Even allowing for heat losses from the boiler whilst heating up and inefficiencies with the Inverter, this is somewhat less than the 80 Ah which I calculated in my earlier post.

So…..I am either confusing myself with my mathematical calculations or I am demonstrating my misunderstanding of these matters.

Please can someone who is better informed correct me!

 

[Guigsy]

Thinking further about my previous post above, I have tried to approach this in another way. This is really stretching my recollection of “O-level” physics (well it was over 60 years ago!!!).
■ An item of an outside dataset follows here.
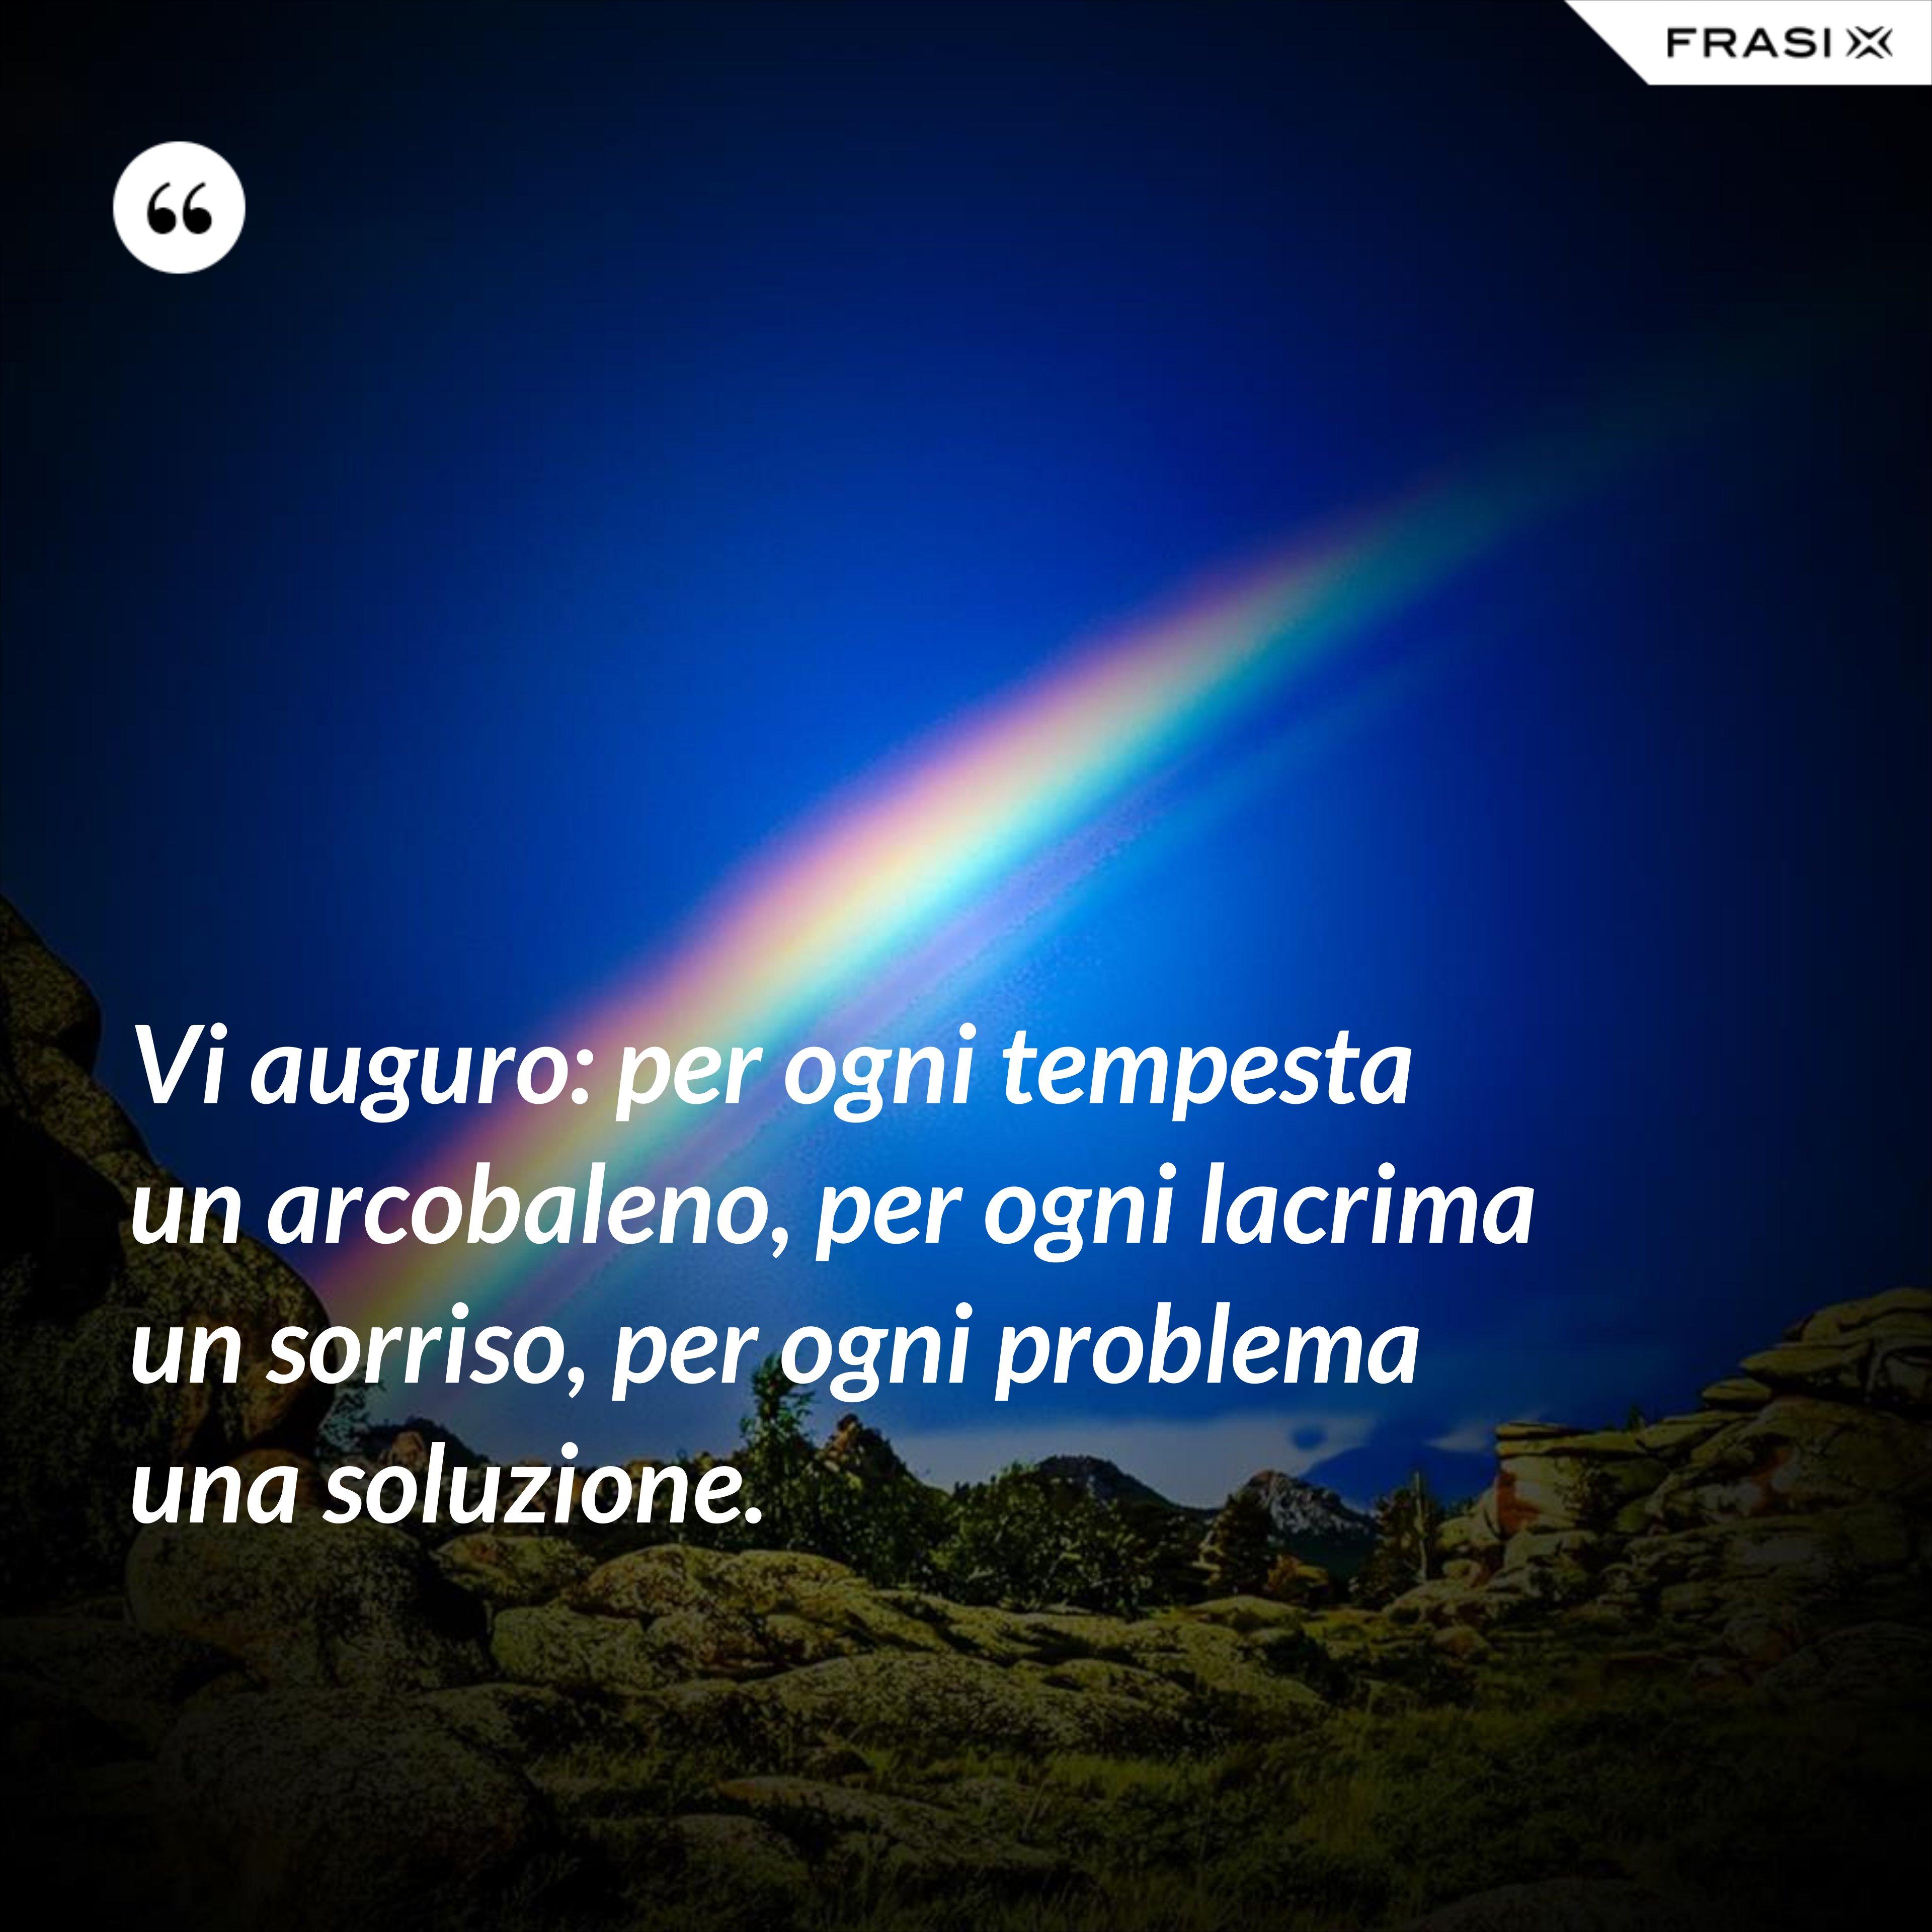 Vi auguro: per ogni tempesta un arcobaleno, per ogni lacrima un sorriso, per ogni problema una soluzione. - Anonimo

The Truma 6E boiler holds 10 litres of water. For practical purposes…. 10 kg.
The specific heat of water is 4,200 joules per litre. (I.e. the energy required to raise the temperature of 1 kg of water by 1 deg C.)
To raise the temperature of 10 kg of water (as stored in the Truma heater) by 1 deg C is 42,000 joules (or 42 kj).
If the ambient temperature is 15 deg C (say) and the Truma boiler heats the water to 60 deg C, this is a rise of 45 deg C.
So, to heat a full boiler of water in the Truma heater by 45 deg C, the energy needed (ignoring any heat losses from the boiler) will be 1,890 kj.
In electrical terms (according to Mr Google), 4.2 kj is equivalent to 1.17 Watt-hours (Wh).
So, the 1,890 kj needed equates to 527 Wh.
With a 12 volt supply, 527 Wh will need a current draw of 43.9 amps for a period of 1 hour. (Approx 44 Ah.)

Even allowing for heat losses from the boiler whilst heating up and inefficiencies with the Inverter, this is somewhat less than the 80 Ah which I calculated in my earlier post.

So…..I am either confusing myself with my mathematical calculations or I am demonstrating my misunderstanding of these matters.

Please can someone who is better informed correct me!

Maths looks fine. It's a theoretical minimum energy requirement.

With electrical conversion losses, and heat losses from the Truma losing a fair amount of heat to warming itself and stuff around it, I'd consider the figures to be pretty close.

Either way, it's quite a lot of electrical energy just to have one shower. If I had that much to throw away, I'd be wondering how much money I'd wasted on far too much solar and battery.